**Information provided**
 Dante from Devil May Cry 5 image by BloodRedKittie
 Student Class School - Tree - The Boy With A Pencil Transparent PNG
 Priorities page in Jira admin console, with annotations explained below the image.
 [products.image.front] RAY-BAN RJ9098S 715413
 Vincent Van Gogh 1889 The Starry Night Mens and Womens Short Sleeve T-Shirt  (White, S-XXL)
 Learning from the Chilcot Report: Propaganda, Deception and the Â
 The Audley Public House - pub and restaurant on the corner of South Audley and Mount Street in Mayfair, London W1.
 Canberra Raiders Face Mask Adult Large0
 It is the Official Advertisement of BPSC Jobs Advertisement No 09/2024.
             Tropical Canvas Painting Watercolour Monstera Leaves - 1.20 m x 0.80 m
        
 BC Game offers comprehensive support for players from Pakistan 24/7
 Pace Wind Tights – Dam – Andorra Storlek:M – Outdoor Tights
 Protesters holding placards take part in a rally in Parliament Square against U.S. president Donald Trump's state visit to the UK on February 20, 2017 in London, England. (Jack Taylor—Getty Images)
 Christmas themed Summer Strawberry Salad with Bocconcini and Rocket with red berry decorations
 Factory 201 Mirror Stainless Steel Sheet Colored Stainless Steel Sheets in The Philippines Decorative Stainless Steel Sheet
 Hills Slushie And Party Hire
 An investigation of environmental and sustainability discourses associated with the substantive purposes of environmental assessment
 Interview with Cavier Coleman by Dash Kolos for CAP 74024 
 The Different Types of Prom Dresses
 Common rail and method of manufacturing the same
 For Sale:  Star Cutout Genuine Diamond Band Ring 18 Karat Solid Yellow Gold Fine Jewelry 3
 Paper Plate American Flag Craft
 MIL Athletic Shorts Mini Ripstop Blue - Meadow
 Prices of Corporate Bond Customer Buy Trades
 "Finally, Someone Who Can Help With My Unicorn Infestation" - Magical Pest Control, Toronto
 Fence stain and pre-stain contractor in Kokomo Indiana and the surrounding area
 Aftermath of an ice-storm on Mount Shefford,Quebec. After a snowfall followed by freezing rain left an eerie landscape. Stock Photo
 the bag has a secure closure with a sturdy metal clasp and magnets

**Task statement**
Repeat the entries. Keep each one exactly as written.

**Answer section**
 Dante from Devil May Cry 5 image by BloodRedKittie
 Student Class School - Tree - The Boy With A Pencil Transparent PNG
 Priorities page in Jira admin console, with annotations explained below the image.
 [products.image.front] RAY-BAN RJ9098S 715413
 Vincent Van Gogh 1889 The Starry Night Mens and Womens Short Sleeve T-Shirt  (White, S-XXL)
 Learning from the Chilcot Report: Propaganda, Deception and the Â
 The Audley Public House - pub and restaurant on the corner of South Audley and Mount Street in Mayfair, London W1.
 Canberra Raiders Face Mask Adult Large0
 It is the Official Advertisement of BPSC Jobs Advertisement No 09/2024.
             Tropical Canvas Painting Watercolour Monstera Leaves - 1.20 m x 0.80 m
        
 BC Game offers comprehensive support for players from Pakistan 24/7
 Pace Wind Tights – Dam – Andorra Storlek:M – Outdoor Tights
 Protesters holding placards take part in a rally in Parliament Square against U.S. president Donald Trump's state visit to the UK on February 20, 2017 in London, England. (Jack Taylor—Getty Images)
 Christmas themed Summer Strawberry Salad with Bocconcini and Rocket with red berry decorations
 Factory 201 Mirror Stainless Steel Sheet Colored Stainless Steel Sheets in The Philippines Decorative Stainless Steel Sheet
 Hills Slushie And Party Hire
 An investigation of environmental and sustainability discourses associated with the substantive purposes of environmental assessment
 Interview with Cavier Coleman by Dash Kolos for CAP 74024 
 The Different Types of Prom Dresses
 Common rail and method of manufacturing the same
 For Sale:  Star Cutout Genuine Diamond Band Ring 18 Karat Solid Yellow Gold Fine Jewelry 3
 Paper Plate American Flag Craft
 MIL Athletic Shorts Mini Ripstop Blue - Meadow
 Prices of Corporate Bond Customer Buy Trades
 "Finally, Someone Who Can Help With My Unicorn Infestation" - Magical Pest Control, Toronto
 Fence stain and pre-stain contractor in Kokomo Indiana and the surrounding area
 Aftermath of an ice-storm on Mount Shefford,Quebec. After a snowfall followed by freezing rain left an eerie landscape. Stock Photo
 the bag has a secure closure with a sturdy metal clasp and magnets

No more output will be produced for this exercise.